-------- Data provided

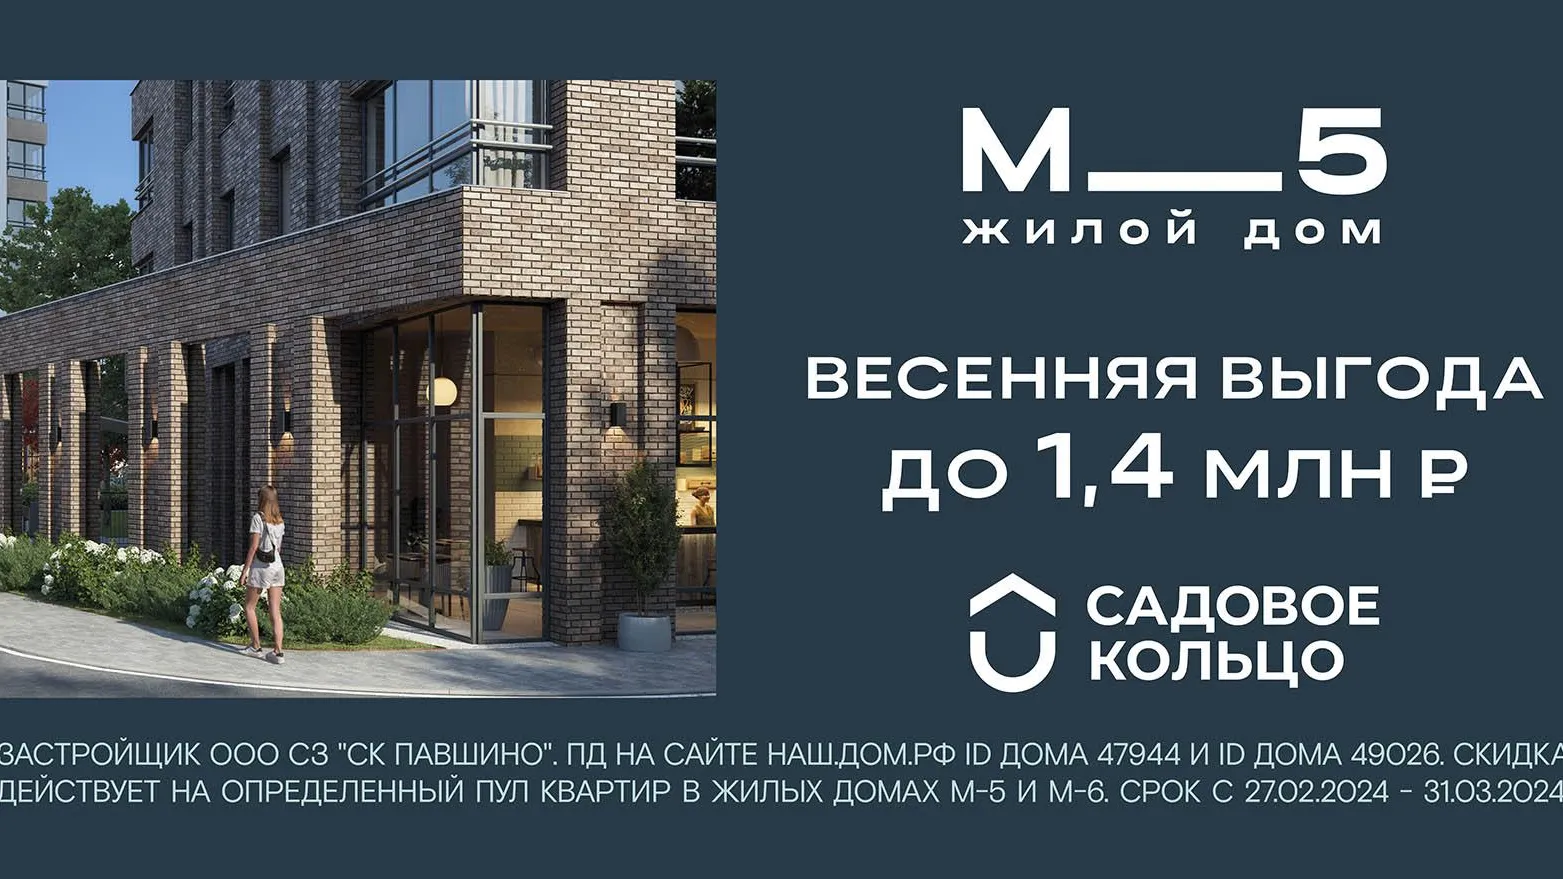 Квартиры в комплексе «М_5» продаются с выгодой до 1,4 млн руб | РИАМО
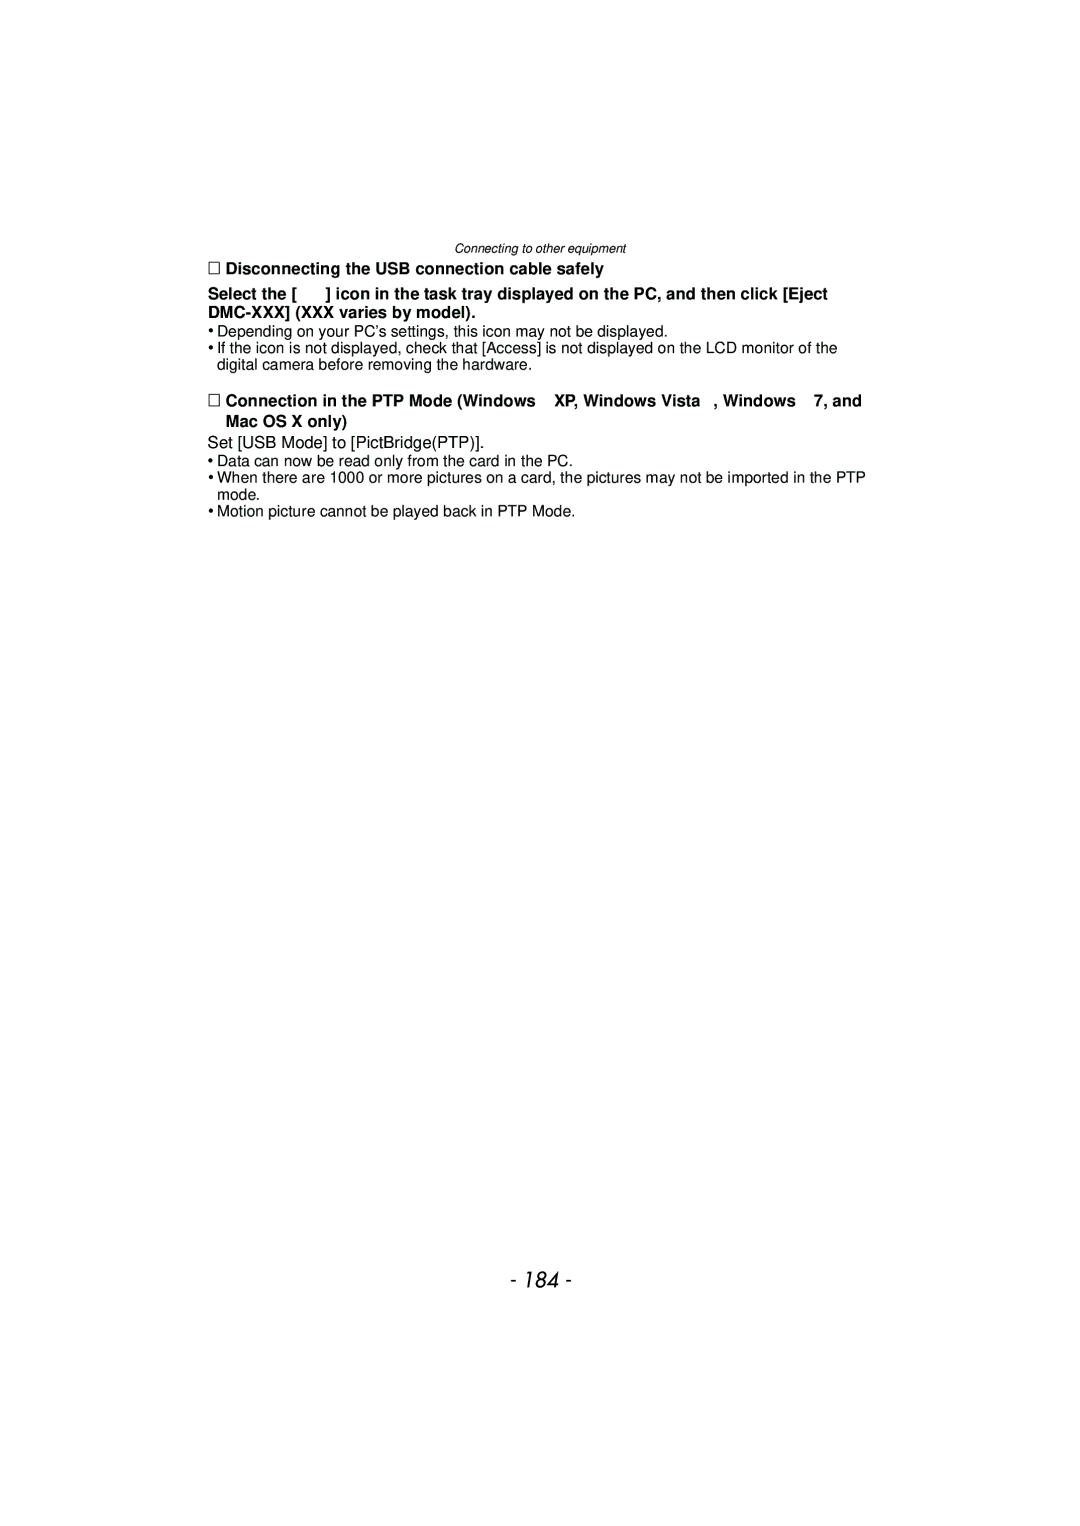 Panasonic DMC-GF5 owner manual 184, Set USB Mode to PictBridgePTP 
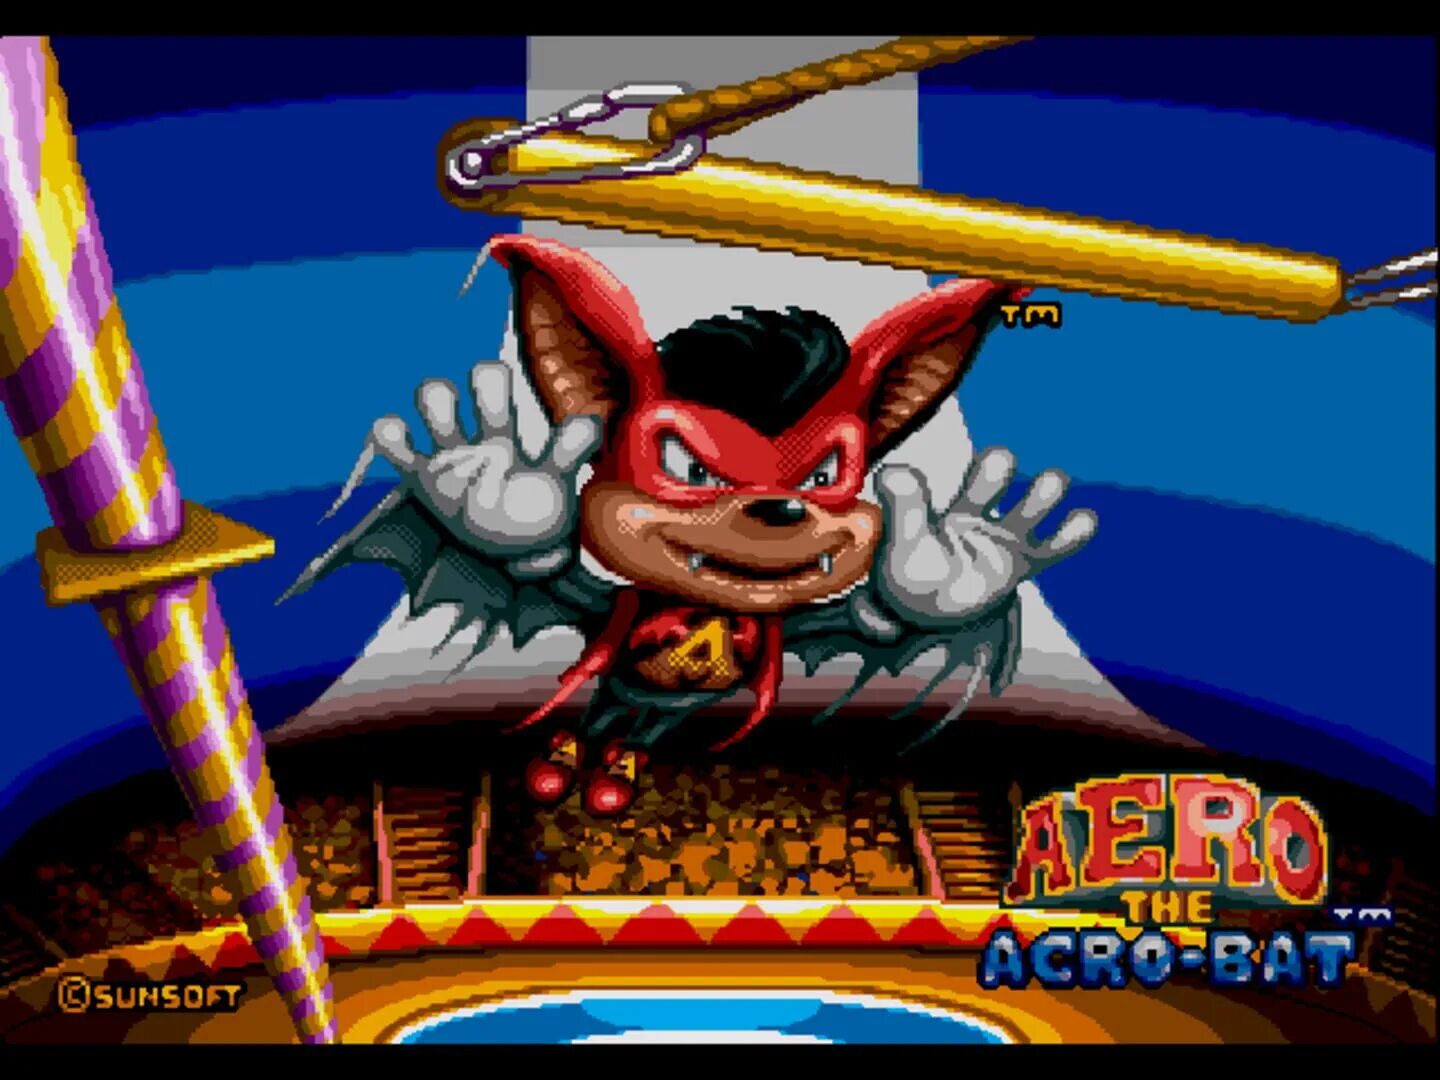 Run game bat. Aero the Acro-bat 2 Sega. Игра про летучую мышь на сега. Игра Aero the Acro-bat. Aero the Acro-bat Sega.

----------------

### [What the task requires]
Retype the line containing "Panasonic DMC-GF5 owner" and all lines after it through the end of the material, exactly and only those, leaving out pictures.

### [Written answer]
 Panasonic DMC-GF5 owner manual 184, Set USB Mode to PictBridgePTP 
 Run game bat. Aero the Acro-bat 2 Sega. Игра про летучую мышь на сега. Игра Aero the Acro-bat. Aero the Acro-bat Sega.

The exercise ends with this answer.